- Episode no.: Season 24 Episode 5
- Directed by: Mark Kirkland
- Written by: Michael Price
- Production code: PABF19
- Original air date: November 18, 2012

Guest appearances
- Steve Carell as Dan Gillick; Joe Mantegna as Fat Tony; Alex Trebek as himself; Terry W. Greene as Giant Ant;

Episode features
- Chalkboard gag: "I want to secede but don't know what state I'm in"
- Couch gag: A tattoo machine draws the family and couch on a patch of skin, revealed as Marge's lower back; she quickly puts her dress on to cover it.

Episode chronology
| ← Previous "Gone Abie Gone" | Next → "A Tree Grows in Springfield" |
- The Simpsons season 24

= Penny-Wiseguys =

"Penny-Wiseguys" is the fifth episode of the twenty-fourth season of the American animated television series, The Simpsons and the 513th episode overall. The episode was directed by Mark Kirkland and written by Michael Price. It originally aired on the Fox network in the United States on November 18, 2012, and was seen by around 5.06 million people during this broadcast.

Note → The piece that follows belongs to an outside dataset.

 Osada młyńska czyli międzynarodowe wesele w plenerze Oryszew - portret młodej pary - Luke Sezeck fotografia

In this episode, Homer tries to stop his bowling teammate when he needs to murder people while Lisa adds insects to her diet. Steve Carell and Alex Trebek guest starred. The episode received mixed reviews.

== Plot ==
Homer is shocked to discover that his neighbor and bowling teammate Dan Gillick is an accountant for Fat Tony and his mob. When the government finally catches up with Fat Tony and issues him a jury duty summons, he names Dan as his temporary replacement. Dan gradually becomes power-hungry from the position, and is frightened by his own change. When Fat Tony orders him to carry out a murder, he begs Homer to do anything to stop him, so Homer ties Dan to a chair in the basement.

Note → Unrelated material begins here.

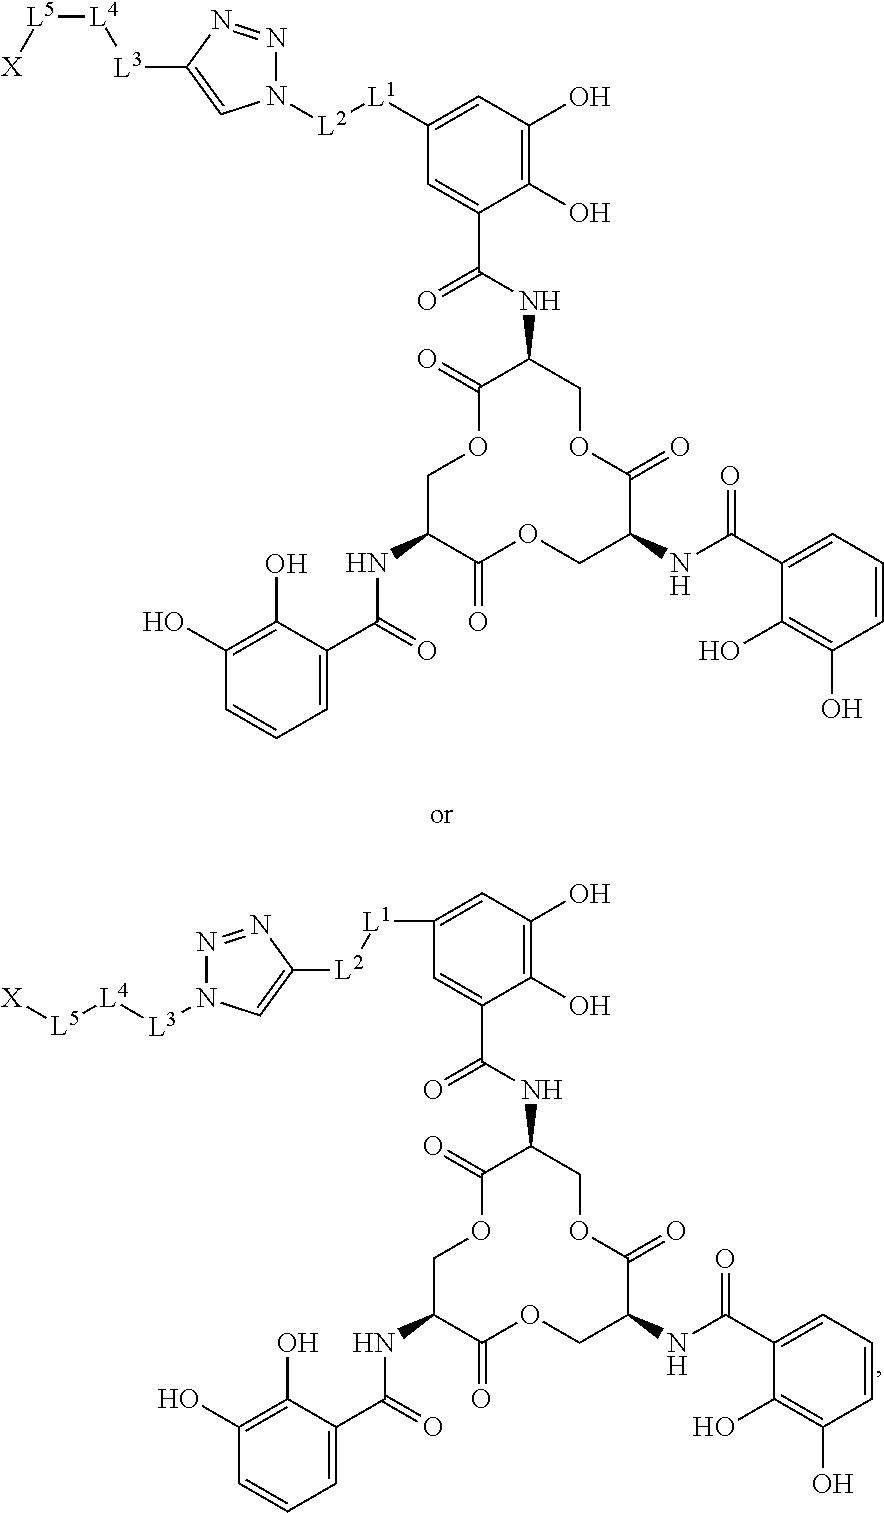 Figure US09902986-20180227-C00080

Meanwhile, Lisa passes out during a school band concert and is diagnosed with iron deficiency by Dr. Hibbert, who partially implicates Lisa's vegetarianism as a factor (despite her resistance) and prescribes her iron supplements. Unfortunately Lisa finds the supplements unappealing and impossible to keep down; seeing her plight, Lunch-Lady Doris (a fellow vegetarian) convinces Lisa to incorporate insects into her diet as an alternative source of iron and introduces her to the Springfield Insectivorian Society for people with similar tastes. Although she enjoys the addition to her diet at first, the insects start to taunt her in her dreams. After discovering that eating insects is getting her close to eating meat again, she decides to release the grasshoppers she has been raising into the wild, but Bart accidentally breaks the aquarium holding them and they escape into the basement instead.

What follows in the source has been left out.